Risen’s own experience aptly illustrates the pitfalls of communicating via telephone, even when the substance of the communications remains secure. In 2008, Risen was subpoenaed to identify his confidential source for a report in his 2006 book State of War: The Secret History of the CIA and the Bush Administration. The report dealt with an alleged covert operation by the CIA to provide Iran with flawed nuclear designs. Risen has been fighting the subpoena for over six years. In 2011, U.S. District Court Judge Leonie Brinkema quashed the subpoena. In that decision, Judge Brinkema noted that even if Risen did not testify, the government could and would rely on a wealth of telephone records of calls between Risen and his alleged source, former CIA agent Jeffrey Sterling. Judge Brinkema’s decision was reversed on appeal, and the Supreme Court declined to step in. Whether prosecutors still intend to subpoena Risen is unclear, but Risen has vowed not to reveal his source.

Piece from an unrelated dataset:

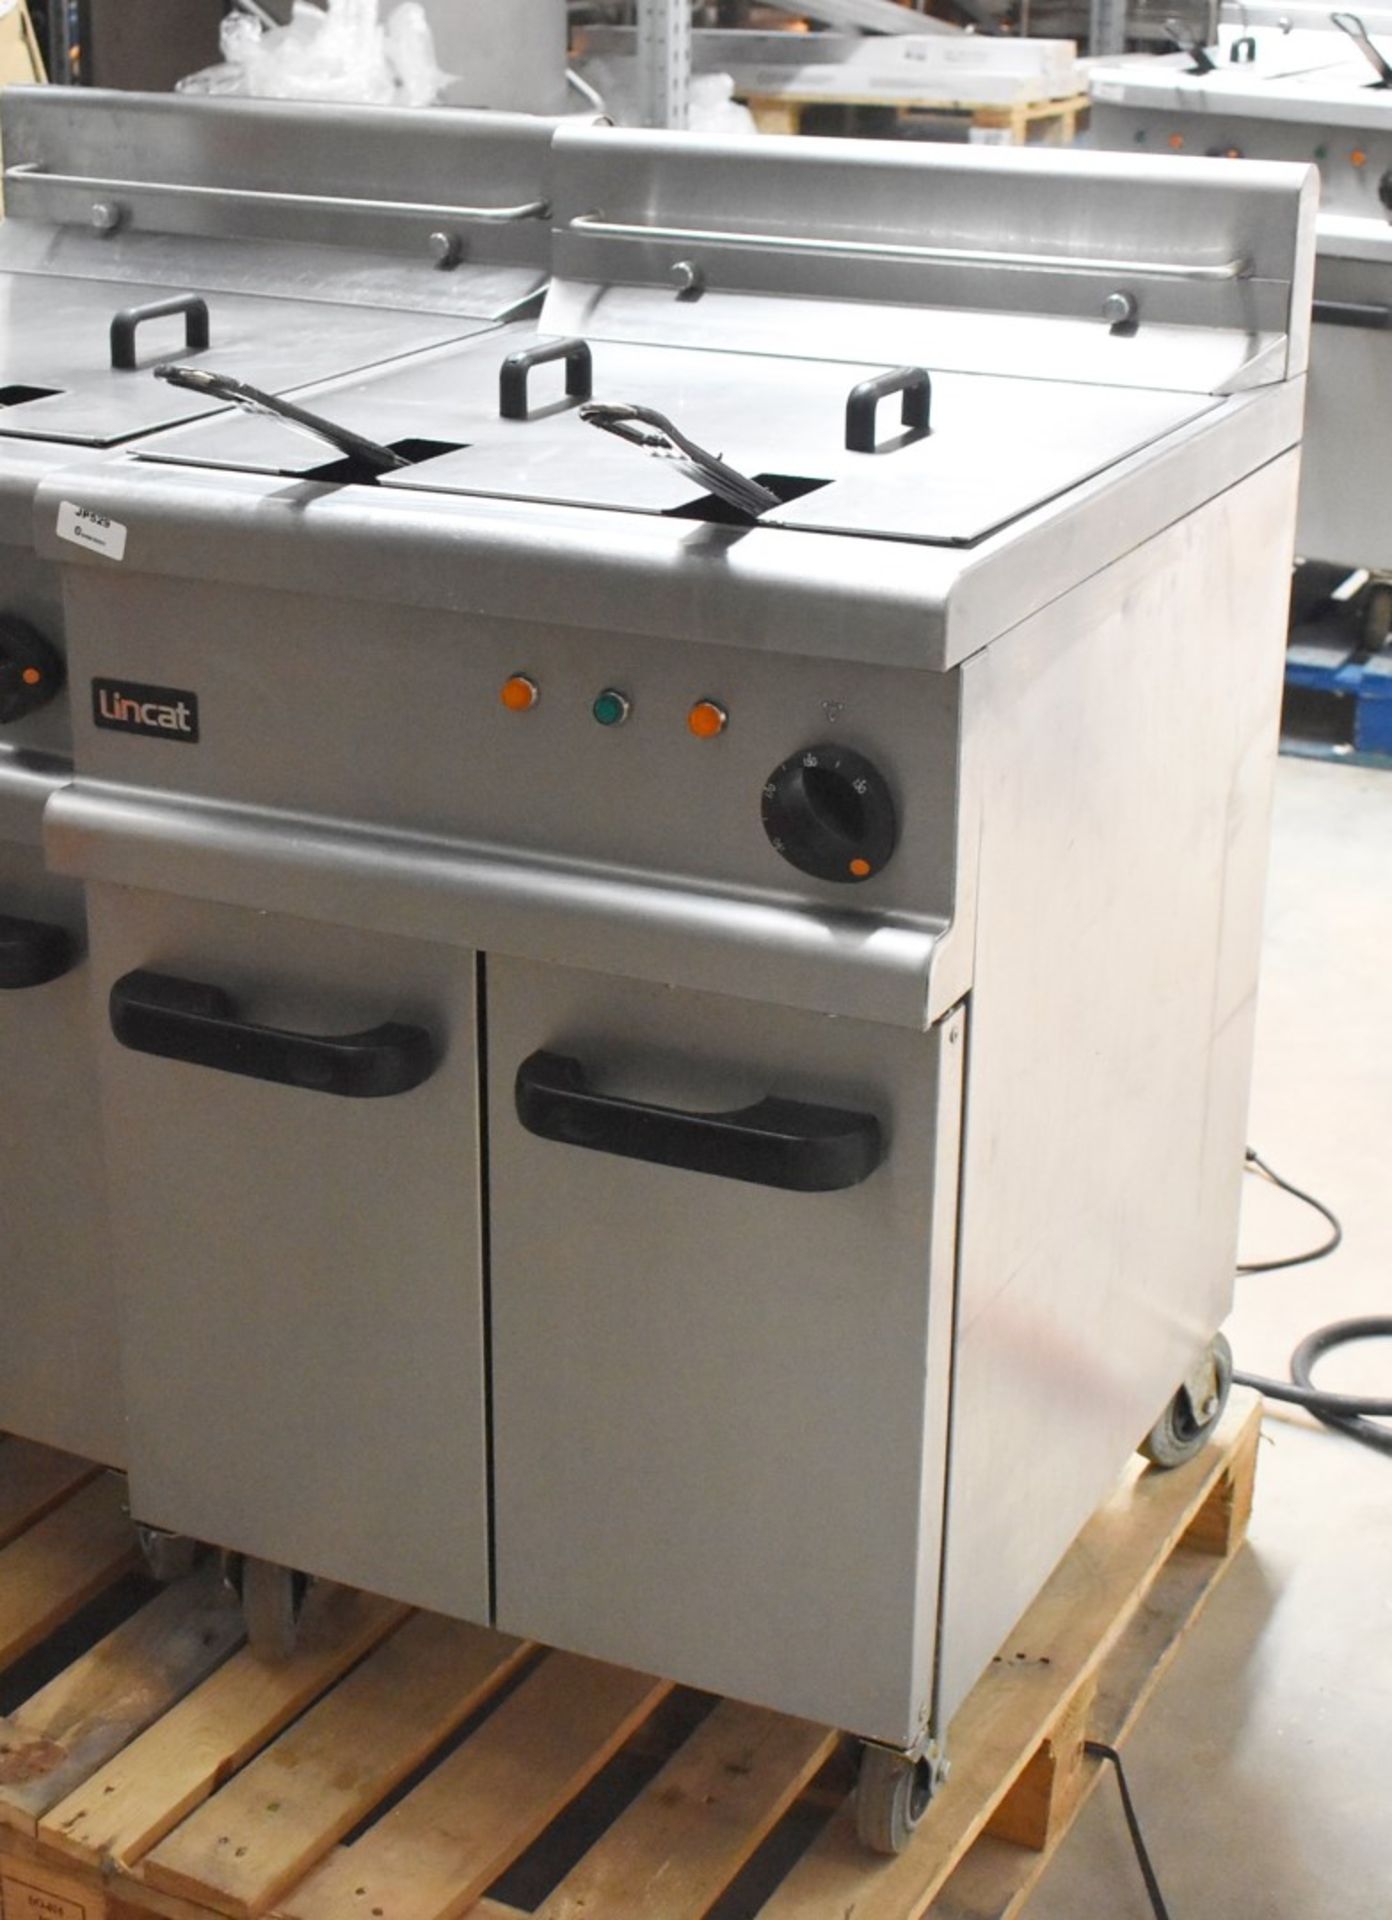 1 x Lincat Opus 700 OE7113 Single Large Tank Electric Fryer With Built In Filteration - 240V / 3PH P

While the problem of setting up the first contact between reporter and source is difficult to solve, the panelists agreed that the solution is not to push more communications online, even with better technologies to secure those communications. Angwin noted that even if a message is encrypted, the record of the communication having taken place will likely still exist. Rather, panelists noted that classic journalistic methods remain vital to reporters, even those with access to the best and most usable technologies. Priest remembered that when she was attempting to set up secret meetings with sources, she would often make phone calls from other locations than her office, including law firms or universities that she happened to be visiting, in order to obscure her contacts. And face-to-face meetings remain the safest way to communicate with sources. “The cloak-and-dagger meeting in the garage is the ultimate goal. That’s why we got into journalism,” Angwin said.

Although many agree that the current administration is among the most hostile to the press in American history, Priest noted, “Every government tries to control information.” But the atmosphere of ubiquitous surveillance is, perhaps, unique. Speaking about Watergate, Angwin said, “The fact that that secret was kept for 30 years is unimaginable in today’s world. If a determined prosecutor wanted to know who Deep Throat was today, he would find him.” Ironically, high-tech surveillance has shown journalists that even the most carefully encrypted communications are vulnerable to interception. Panelists agreed that the safest way to meet a source is to have an offline, coded signal: to be holding a Rubik’s cube in a hotel lobby (like Snowden), or to place a flowerpot on a balcony (like Bob Woodward). Encryption helps journalists and sources maintain their relationships, but it is not a panacea; it’s just one tool in the modern journalist’s toolbox.